Department of Pharmaceutical Sciences, College of Pharmacy and Allied Health Professions, St. John's University, 8000 Utopia Parkway, Queens, NY 11439, USA.
Pharmacol Biochem Behav. 2011 Oct;99(4):671-5. doi: 10.1016/j.pbb.2011.06.025. Epub 2011 Jun 29.
On the basis of efficacy, opioid antagonists are classified as inverse opioid agonists (e.g. naltrexone) or neutral opioid antagonists (e.g. 6β-naltrexol). This study examined the interaction between naltrexone and 6β-naltrexol in the precipitated opioid withdrawal syndrome in morphine dependent mice. Furthermore, the possible contribution of constitutive opioid receptor activity to precipitated withdrawal was evaluated using increasing levels of morphine dependence. In the first experiment, low doses of 6β-naltrexol antagonized naltrexone precipitated withdrawal while high doses acted additively. All doses of naltrexone increased 6β-naltrexol's potency to precipitate withdrawal. The next experiment examined changes in antagonist potency to precipitate withdrawal with increasing morphine dependence. Mice were exposed to morphine for 1-6 days and then withdrawal was precipitated. Naltrexone was more potent than 6β-naltrexol at all the time points. The ED(50) of both drugs decreased at the same rate suggesting that increased dependence produced no change in constitutive opioid receptor activity. Taken together these results indicate that the functional efficacy of 6β-naltrexol is dose-dependent and that constitutive opioid receptor activity did not change as opioid dependence increased from 1 to 6 days.
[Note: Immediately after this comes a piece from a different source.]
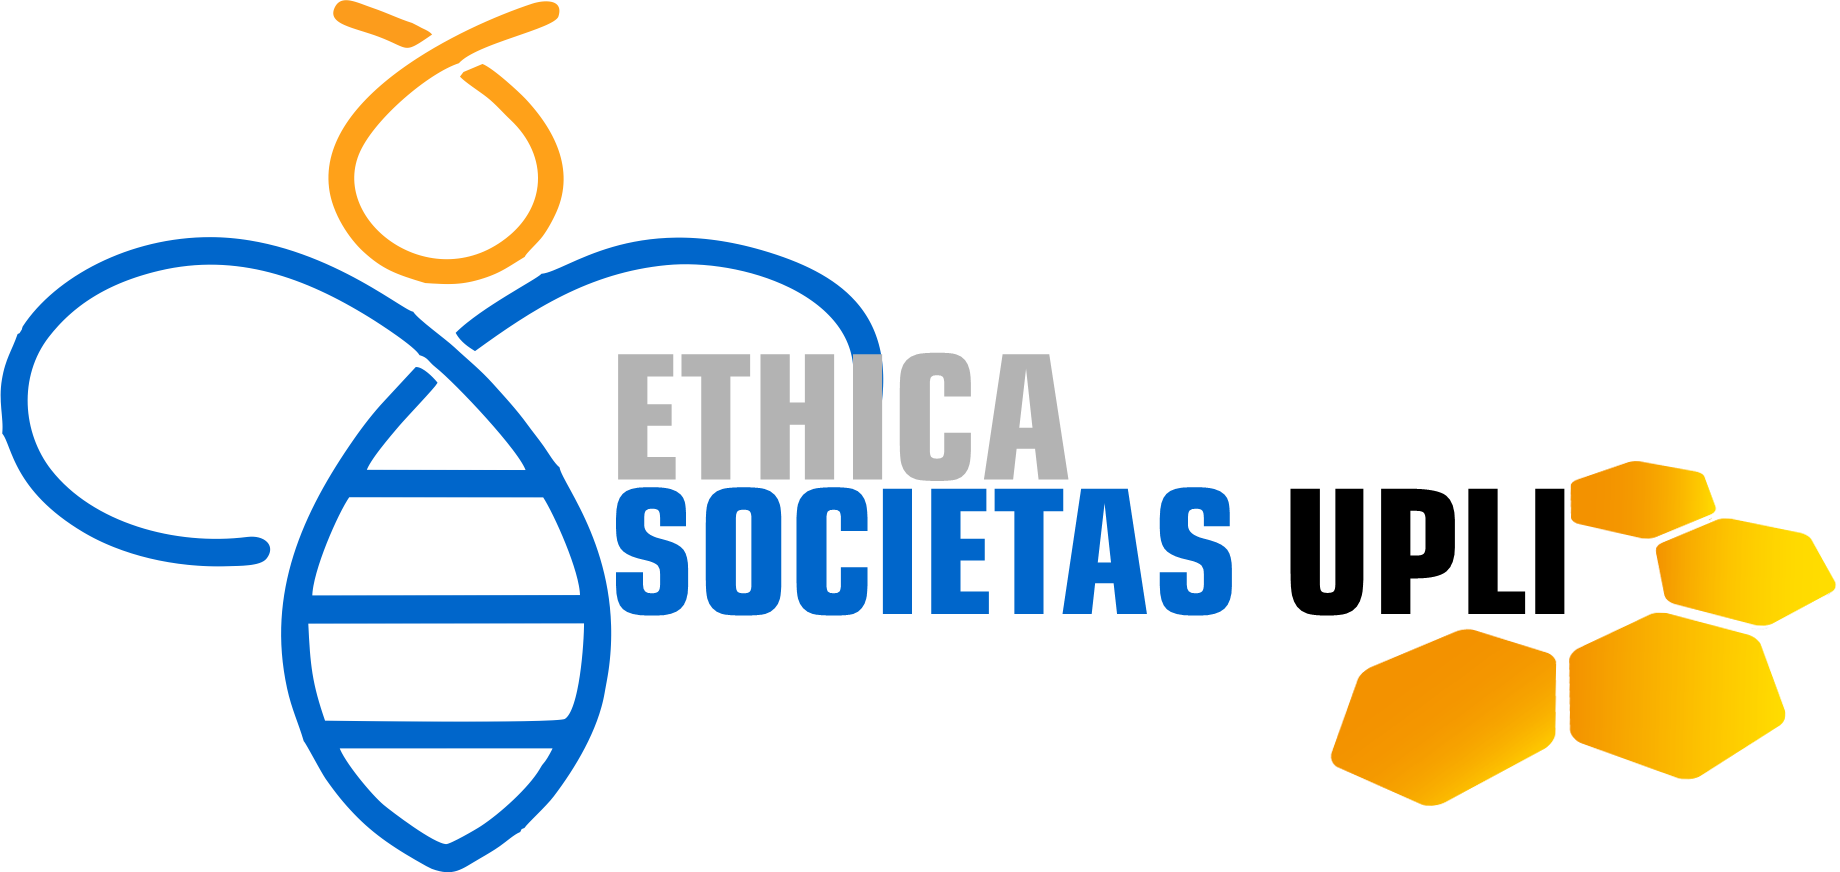 Ethica Societas Upli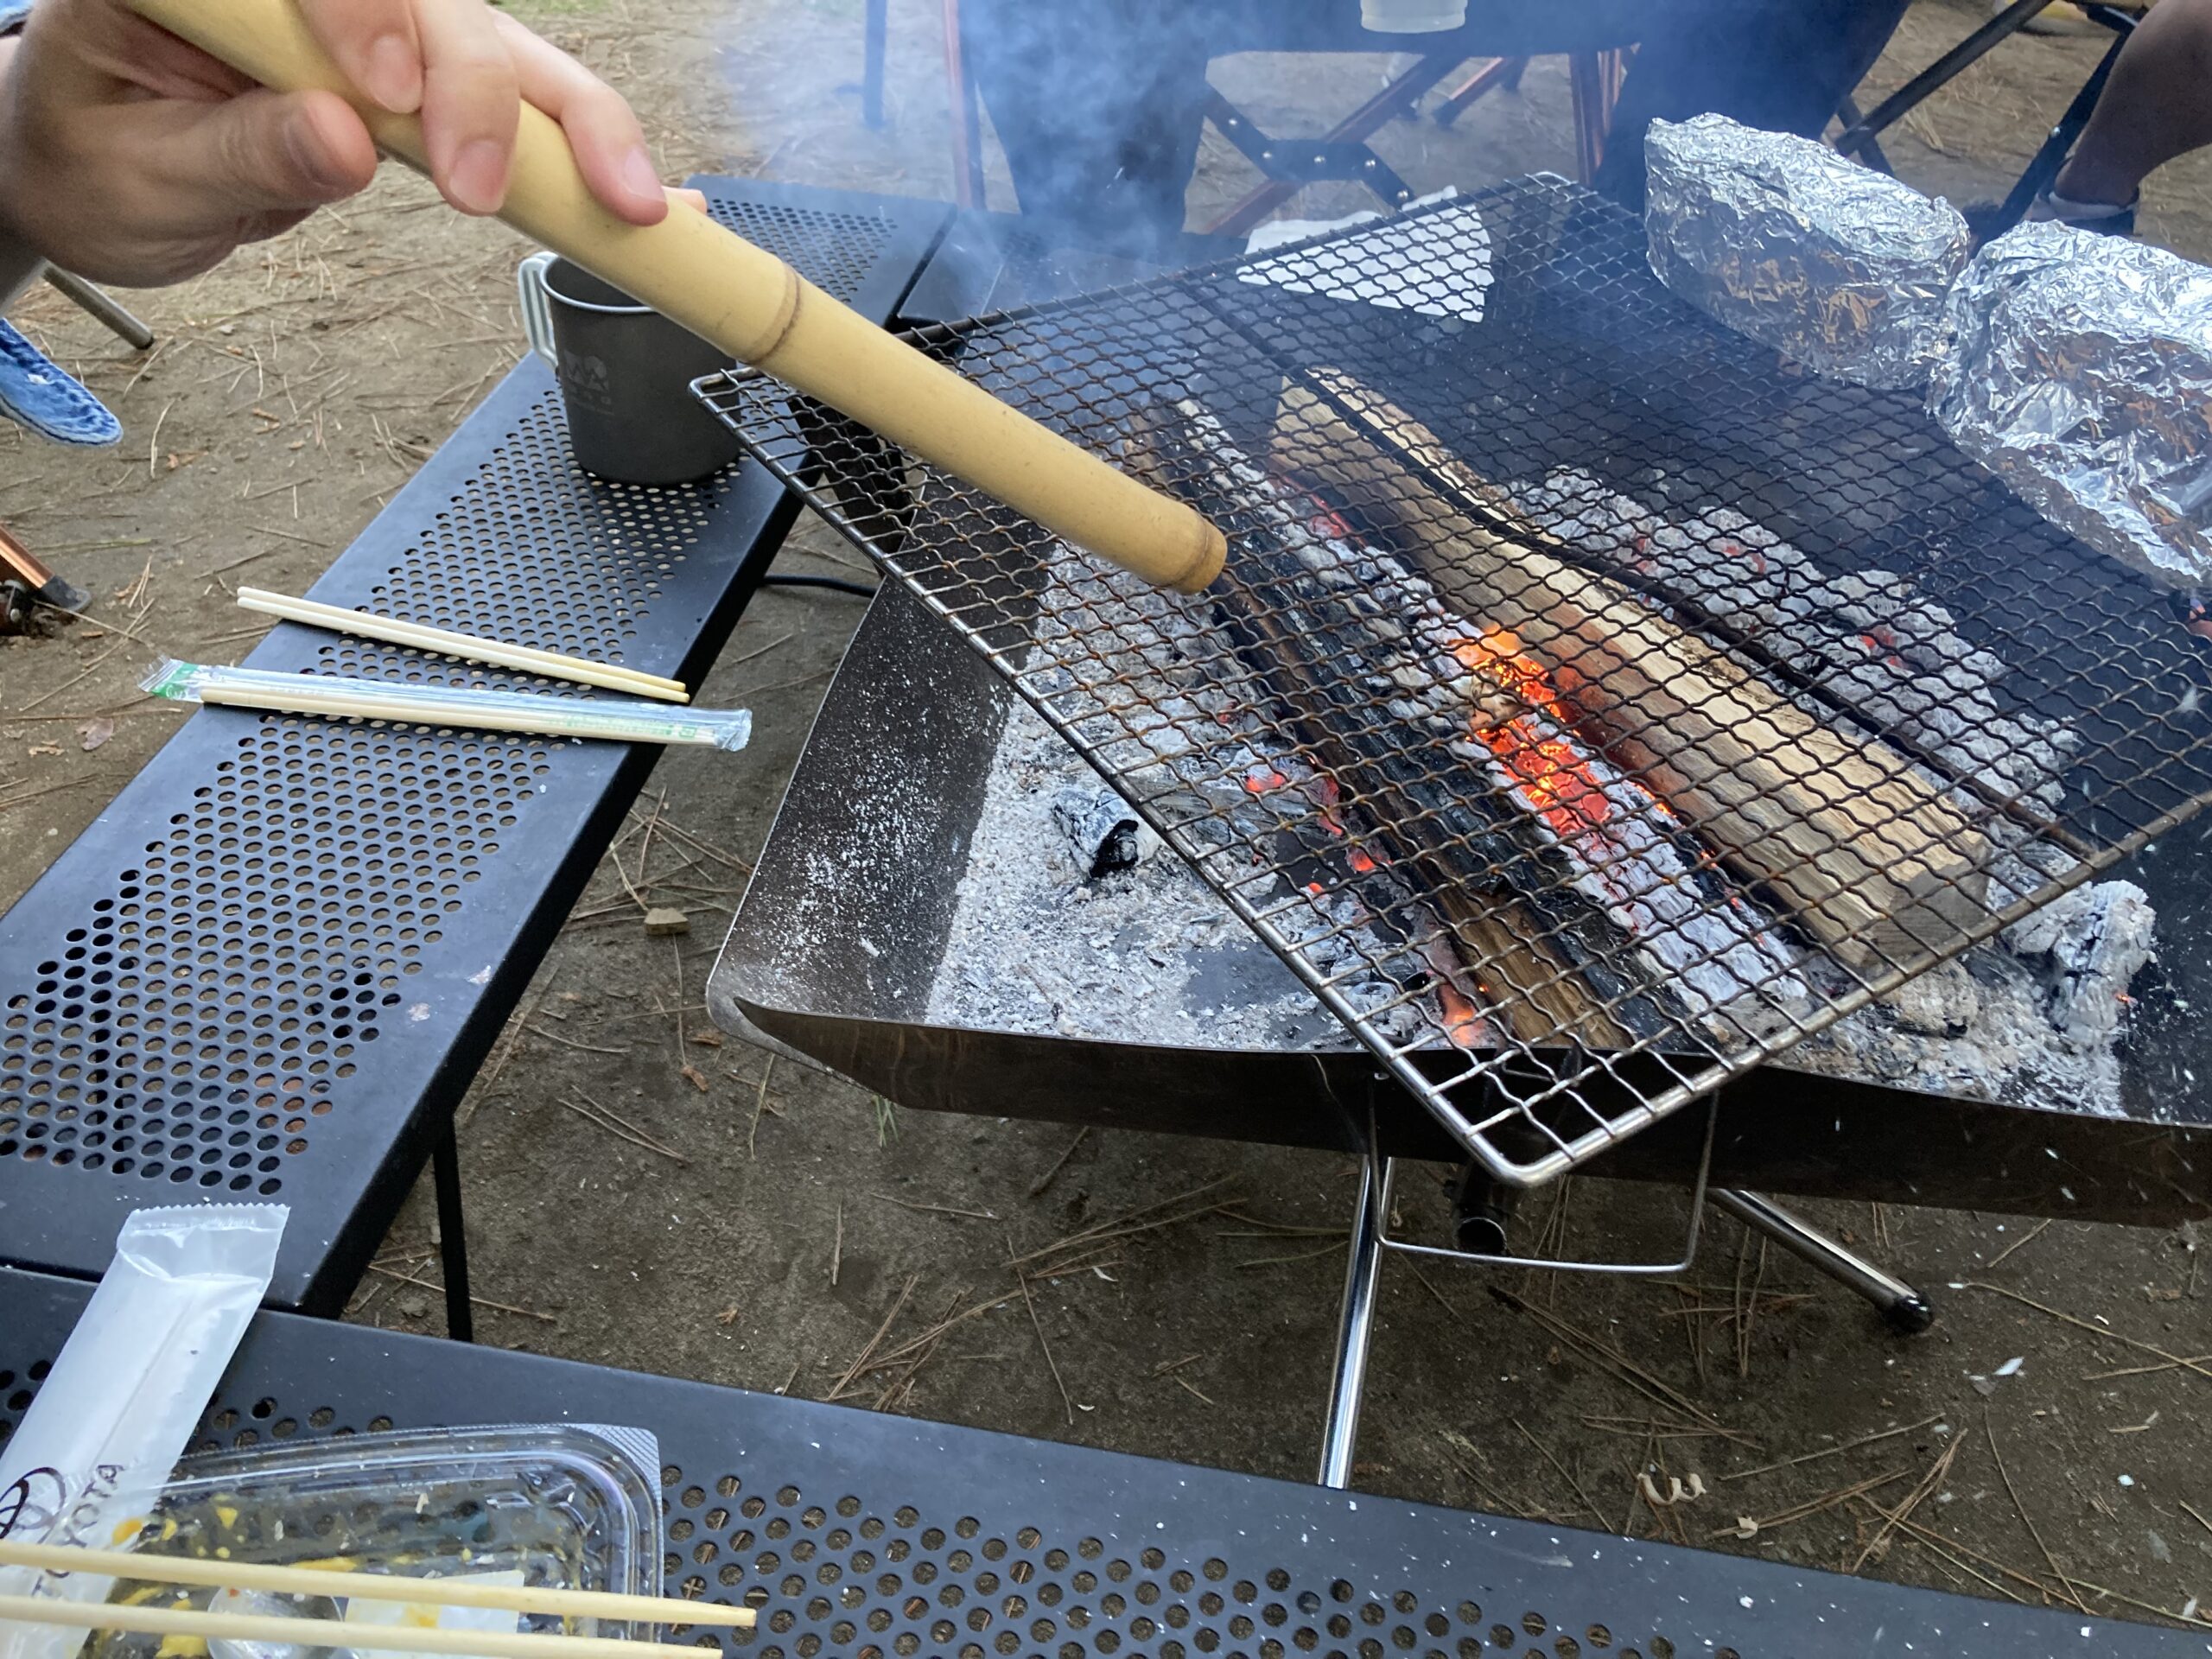 キャンプ飯ロートビーフ焚き火

根据疗效,阿片受体拮抗剂可分为反向阿片激动剂(如纳曲酮)或中性阿片受体拮抗剂(如 6β-纳曲醇)。本研究考察了纳曲酮和 6β-纳曲醇在吗啡依赖小鼠阿片戒断综合征中的相互作用。此外,还使用不同程度的吗啡依赖来评估组成型阿片受体活性对戒断的可能贡献。在第一项实验中,低剂量的 6β-纳曲醇拮抗纳曲酮引起的戒断,而高剂量则起相加作用。纳曲酮的所有剂量都增加了 6β-纳曲醇引起戒断的效力。第二项实验研究了随着吗啡依赖程度的增加,拮抗剂引起戒断的效力变化。将小鼠暴露于吗啡 1-6 天,然后诱发戒断。纳曲酮在所有时间点均比 6β-纳曲醇更有效。两种药物的 ED(50)以相同的速度降低,这表明增加的依赖并没有改变组成型阿片受体活性。综上所述,这些结果表明 6β-纳曲醇的功能效力是剂量依赖性的,而且随着从 1 天到 6 天吗啡依赖的增加,组成型阿片受体活性没有变化。